The risks of Smart Devices
As I have reported before, retailers don’t really care whether the smart devices that you buy are secure. Home Depot is one of those vendors and when asked about dumb smart devices, they said: “We require all vendors to follow applicable laws, regulations, and industry standards”. Of course, there are virtually no laws, regulations or even standards when it comes to smart device security or privacy, so that is a pretty low bar.
Other vendors such as Amazon, Walmart and Best Buy kept their mouths shut when asked about the security of the products that they sell.
Its not hard to find vulnerabilities in devices where cost is the main driving concern. A student found found design flaws in the devices of 11 manufacturers. If a college kid can find these vulnerabilities, you would think that major corporations could. But the reality is that consumers don’t care about security; they care about features.
Except when their camera vendor (ADT) is discovered to be spying on them (the ex-employee is now in jail).
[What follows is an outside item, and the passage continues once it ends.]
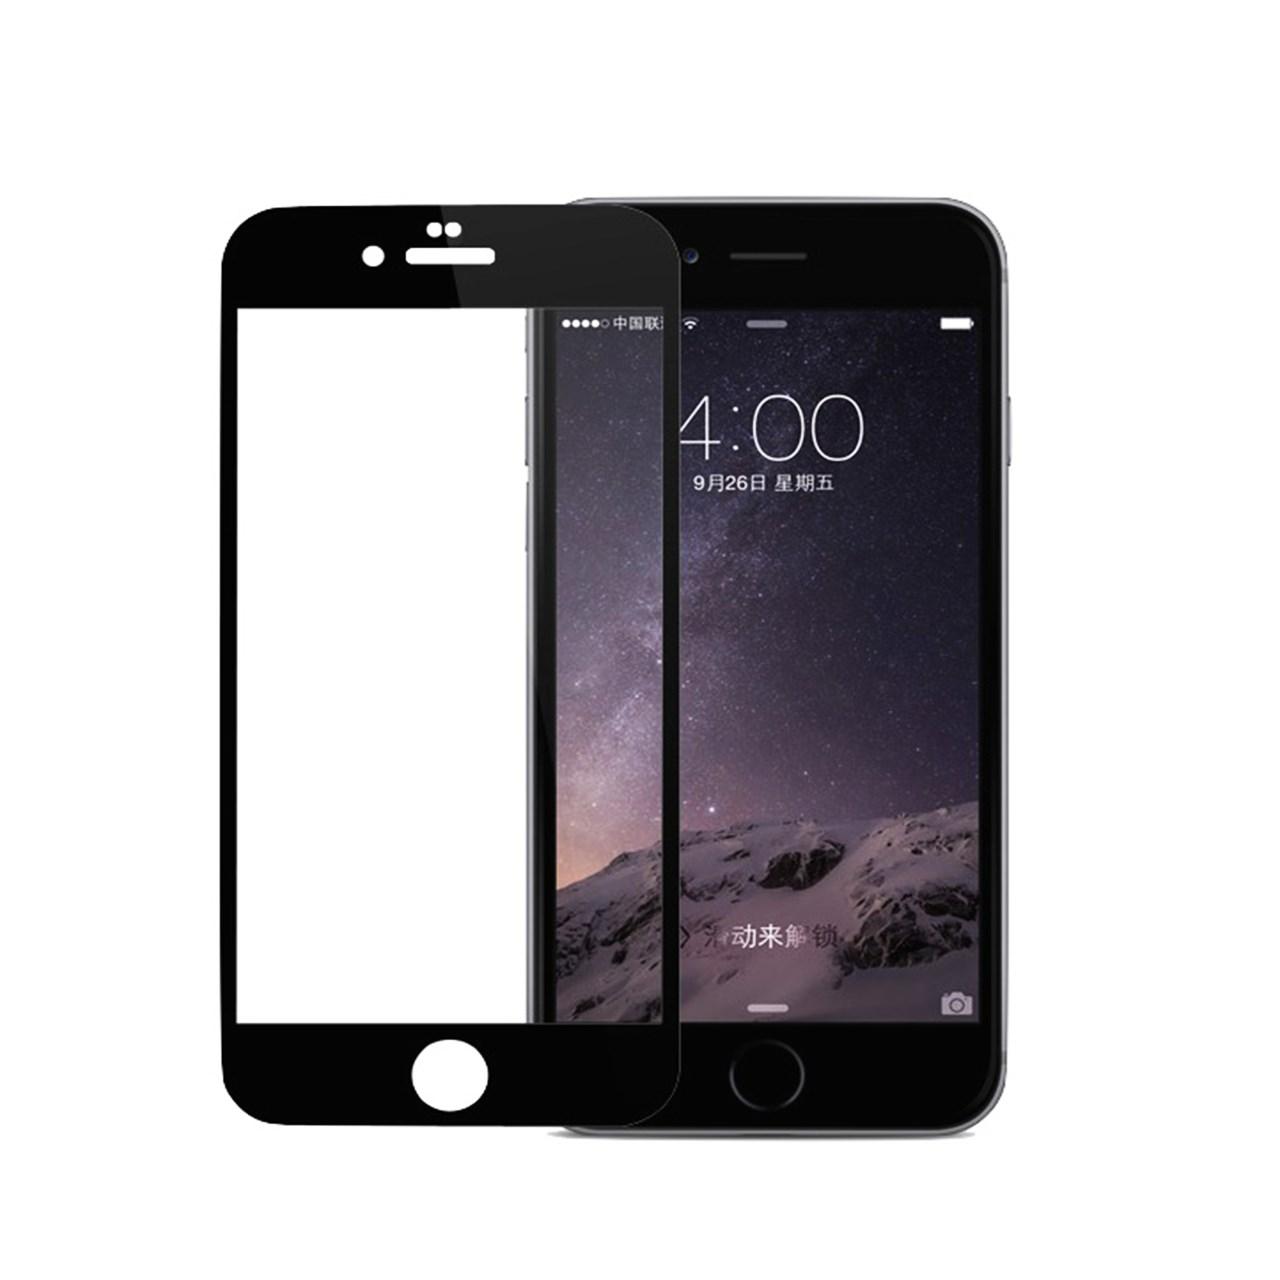 محافظ صفحه نمایش ریمکس شیشه ای مناسب برای گوشی موبایل اپل iPhone 6/6S plus

What this means is that you are left to your own to figure out whether it is safe to buy a particular device. Here are some things you should consider before you buy:
- How long will the manufacturer support this device with technical support and patches. Typically, this time is based on some number of months from when it was released initially, not from when you buy it. If you plan to keep it longer than that period, you are on your own.
- Does the manufacturer regularly release feature updates and patches. If the last time they did so was 2013, find a different device.
- Does the device automatically install patches or automatically tell you that patches are available. Auto install is definitely preferred.
- How important is security for this purchase? If this is a smart door lock and you would prefer that crooks can’t stand on your front doorstep and unlock your door when you are not home, make sure that the vendor checks all the boxes. On the other hand, if it is a kitchen blender, you might not care. In fact, you might not connect it to the Internet at all.
These are just some thoughts. Remember that the ball is in your court and none of the law, the manufacturer nor the store care. I’m not bashing them, just telling you want the deal is.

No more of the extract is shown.